[Data extracts — start]
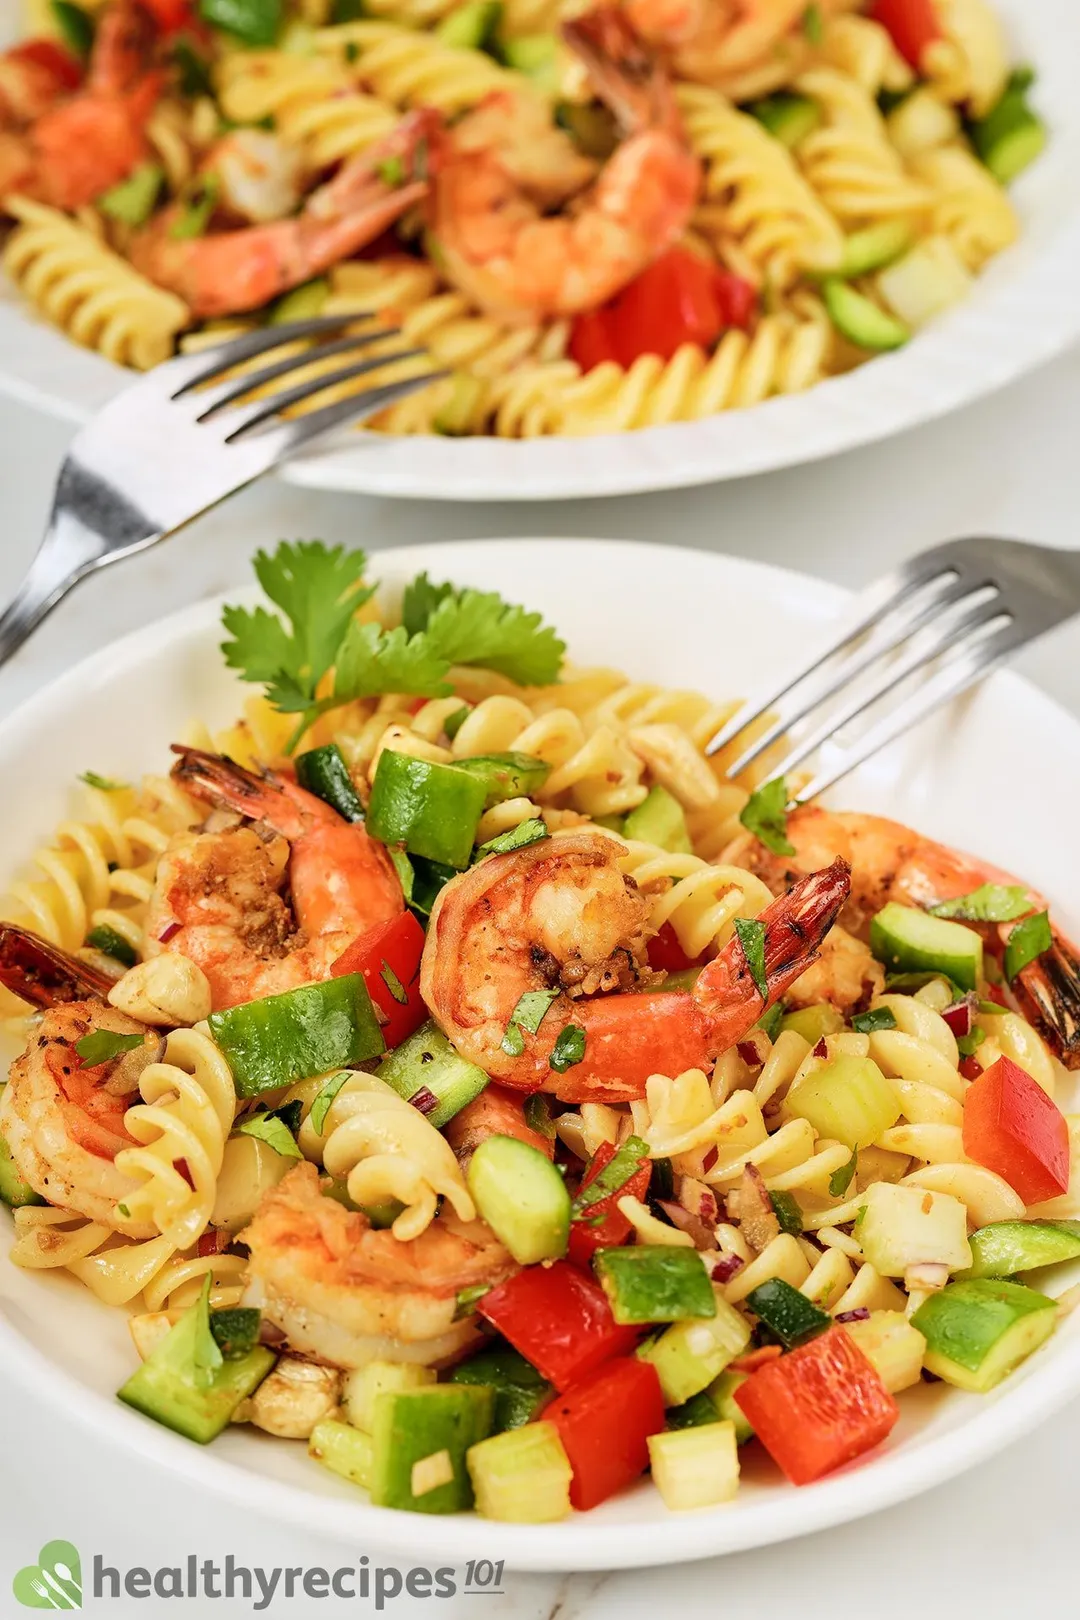 What to Serve with Shrimp Pasta Salad
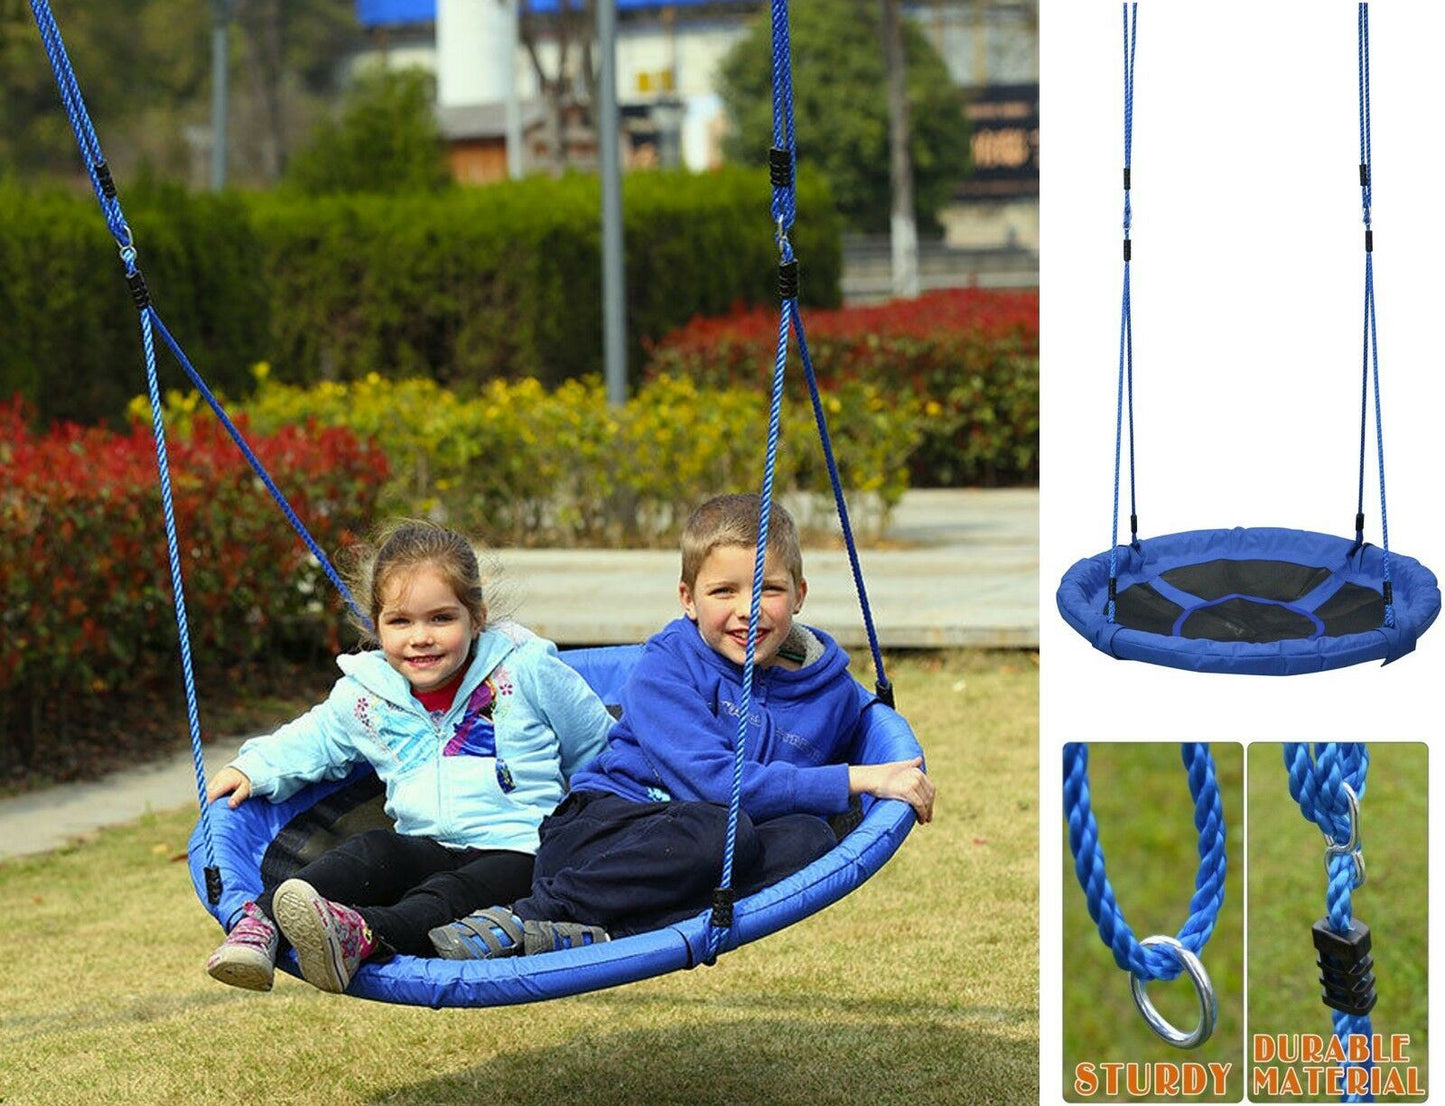 Large Nest Swing for 2 kids by The Magic Toy Shop - UKBuyZone
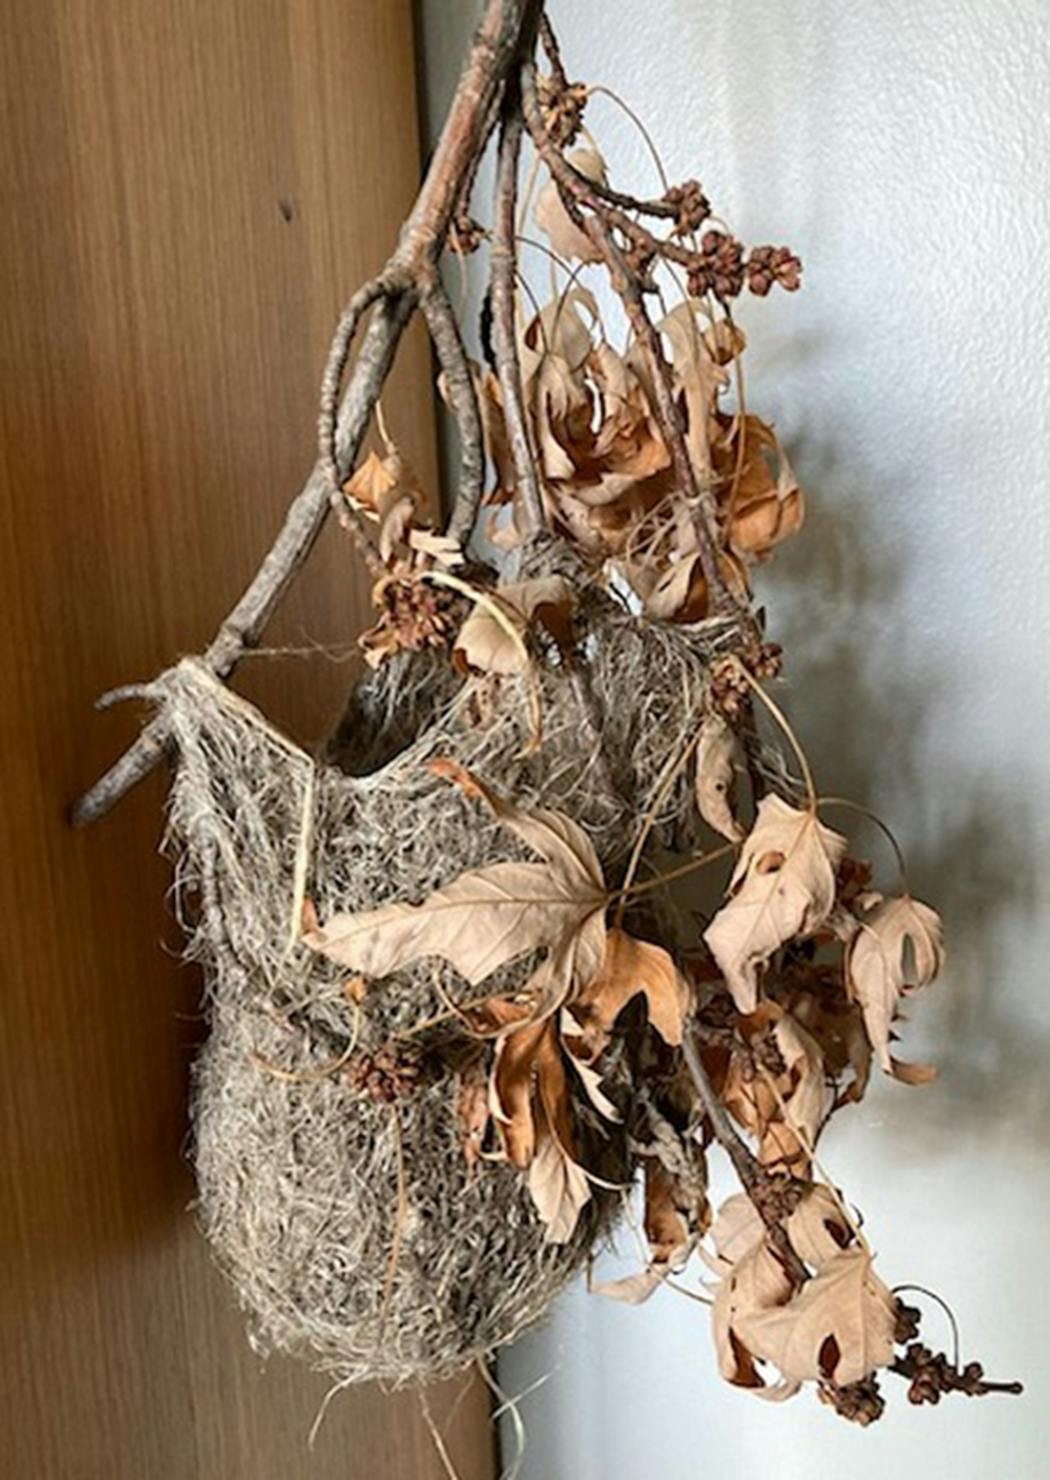 A Baltimore oriole nest made out of mostly horse hair.
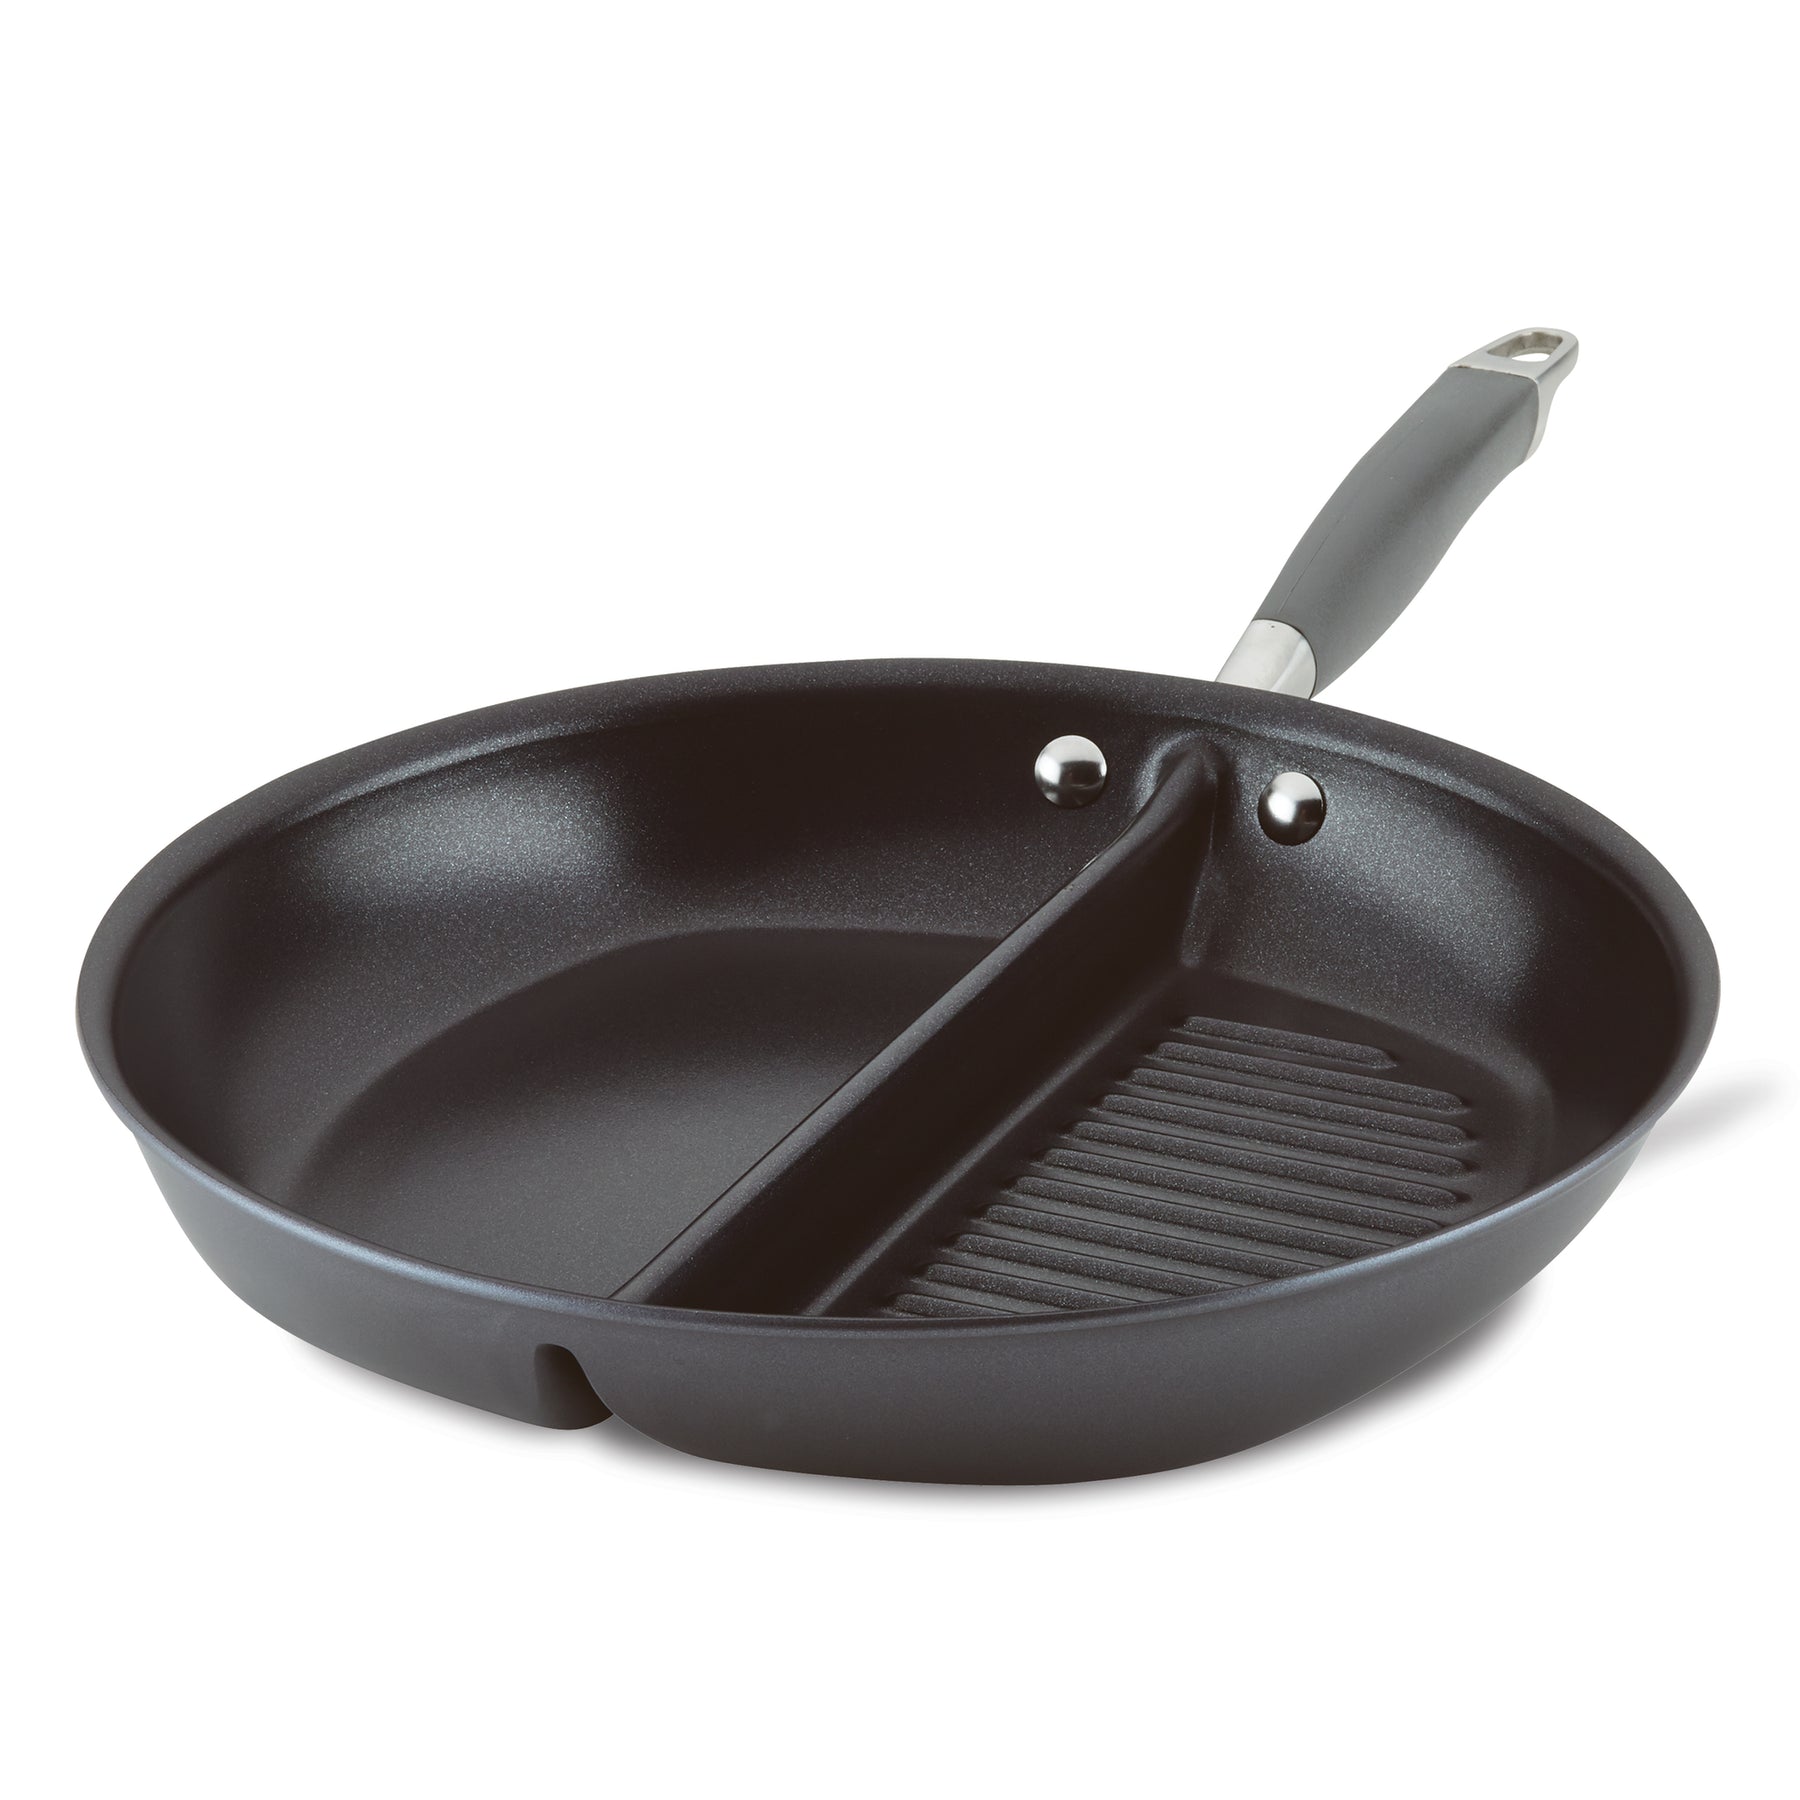 Breakfast Pan Grill Pan 11 Inch Nonstick 3 Section Divided
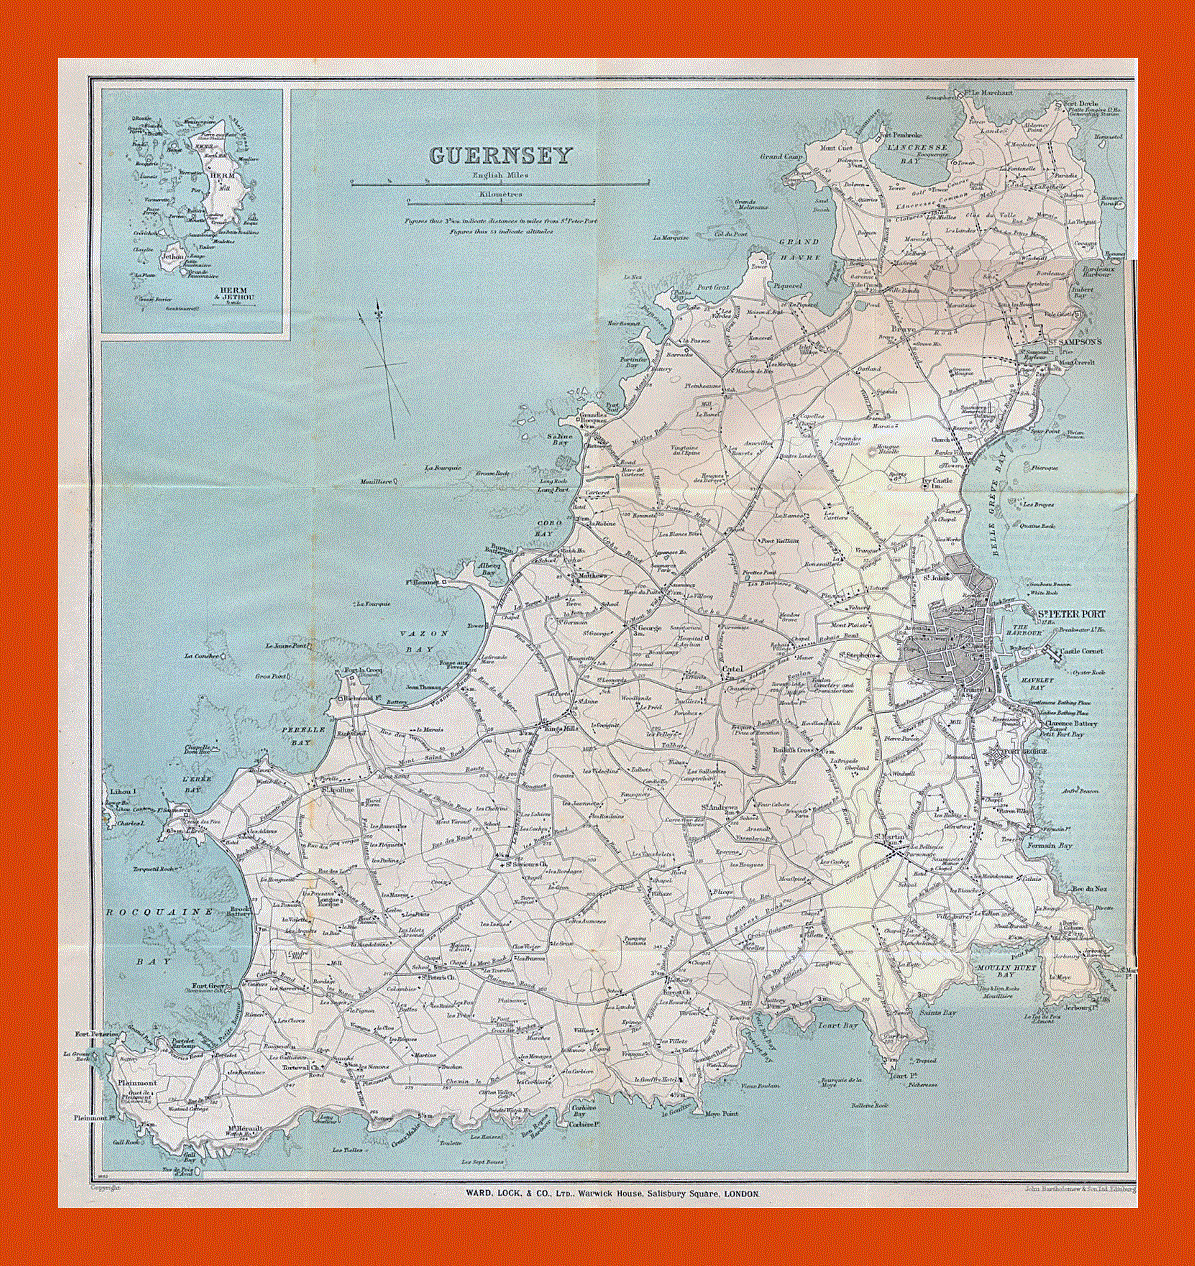 Old map of Guernsey - 1930
[Data extracts — finish]
◆ Work instructions
Give back exactly, and only, the lines from the one holding "Breakfast Pan Grill" through the last line of the entries, with every picture omitted.

◆ Worked solution
 Breakfast Pan Grill Pan 11 Inch Nonstick 3 Section Divided
 Old map of Guernsey - 1930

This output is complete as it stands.